Post by Stephen HoffmanPost by John DallmanPost by Scott DorseyThe whole idea of the VLIW system is that the compiler will be able
to optimize the code to gain paralellism of units inside the single
processor. This is a very very ingenious idea but nobody has yet been
able to make a compiler that could do it well enough for it to be a
real win.
Sadly, the job is *impossible*.
The fundamental problem in optimisation for modern computers is the
slowness of main RAM, which isn't currently solvable at a reasonable
cost. We use caches to mitigate it.
Out-of-order execution addresses this problem by tracking the data
dependencies on memory and registers in real time and executing
instructions when their data is available....
The Itanium compiler optimizer just doesn't (and can't) know enough
about the system memory state, yes. Among other (no pun intended) issues.
The attempt to address that included providing run-time feedback into
the executables; providing post-link, post-execution tuning. (Caliper /
Atom / OM / etc.)
https://www.cs.tufts.edu/comp/150PAT/tools/caliper/wiess-rev-4.pdf
This Alpha versus IA-64 Itanium paper from 1999 describes the issues
https://web.archive.org/web/20010611202933/http://www.compaq.com/hpc/
ref/ref_alpha_ia64.doc
Clearly that old Alpha/IA64 comparison was written with an agenda.

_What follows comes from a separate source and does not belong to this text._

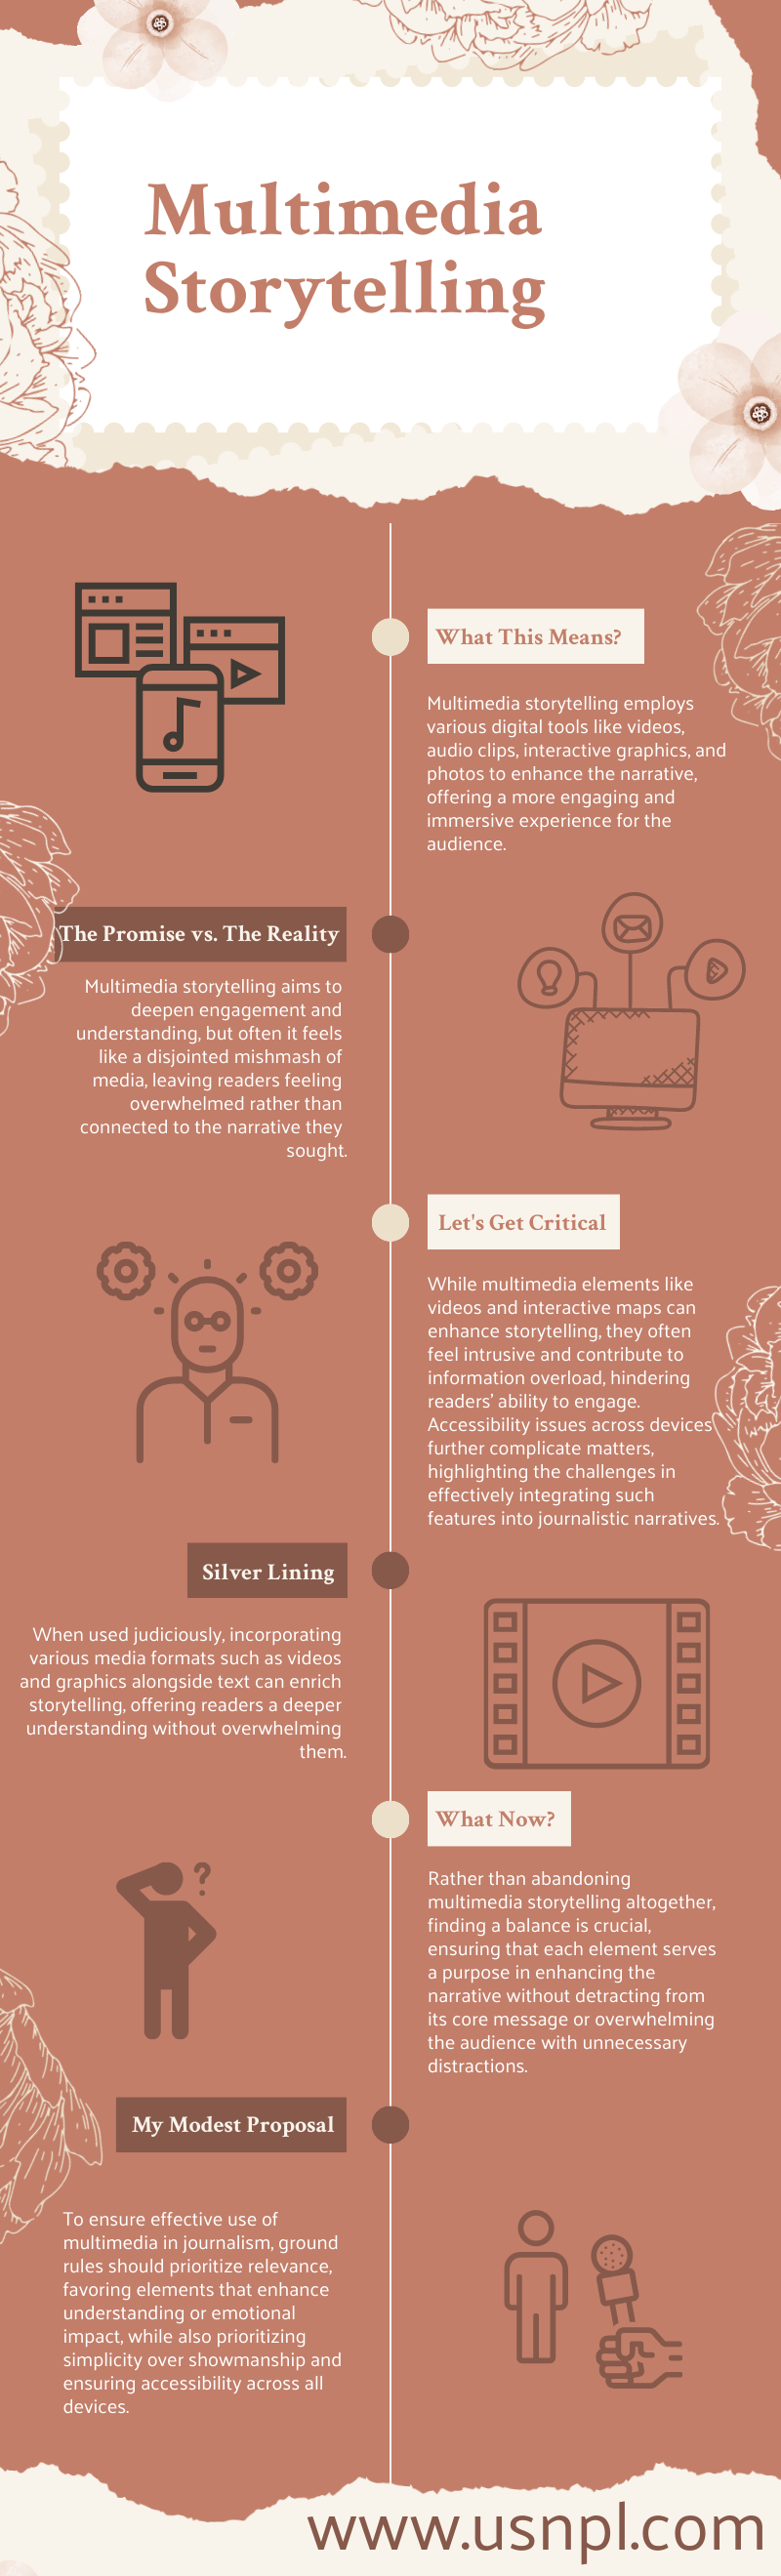 this infographic presents multimedia storytelling in journalism

There is no clear attribution in the document but all the "we did" and
"we designed" clearly indicates authorship in the Alpha hardware group.
Some of their assumptions like it will be impossible to do out-of-order
on IA64 are wrong since the last Itaniums actually implemented OOO and
existing images saw an immediate benefit.
They were comparing the Itanium of the day to what they thought Alpha
could someday do. The Itanium of the day was pretty bad compared to the
Alpha of the day (or of the next 2 years). And it is more than just the
architecture. It is the chip, the process, the interface chips, etc.
And yes, it was a challenge for compilers. The GEM implementation is a
good V1 but is lacking. GEM wasn't designed around such a hardware
model. I'm sure with additional time/money/people that subsequent
versions would be better. Of all the backends, I've seen, the HPUX one
is the best. During the Itanium port, I had some of the COBOL RTL
routines for datatype conversion. We had C code and the performance was
horrible out of GEM. We were considering our own assembly versions, but
I was directed to some of the HPUX compiler folks. I gave them the C
code and in a few weeks, I had Itanium assembly code that I could not
recognize. It used all sorts of Itanium features. It was several times
faster (I'm thinking 10x but I don't remember). That code is in the
COBOL RTL today. That was on those early Itaniums without OOO. How
good would the GEM code be on "modern" Itanium? Don't know. Never
tried. Doesn't matter.
As you say, cache is king. Intel doesn't price their chips based on
clock speed. They price them based on cache size.
I'll agree that Alpha was the better floating point system. The weird
bundling rules in the Itanium architecture make it difficult for a
floating application.
Not to litigate the argument (but it is what c.o.v does best) again, but
it was clear to many that upper Digital management didn't want to hear
technical arguments about the decision. Turning around to ask your
choir doesn't give you any information about a transformational change
in the underlying technology.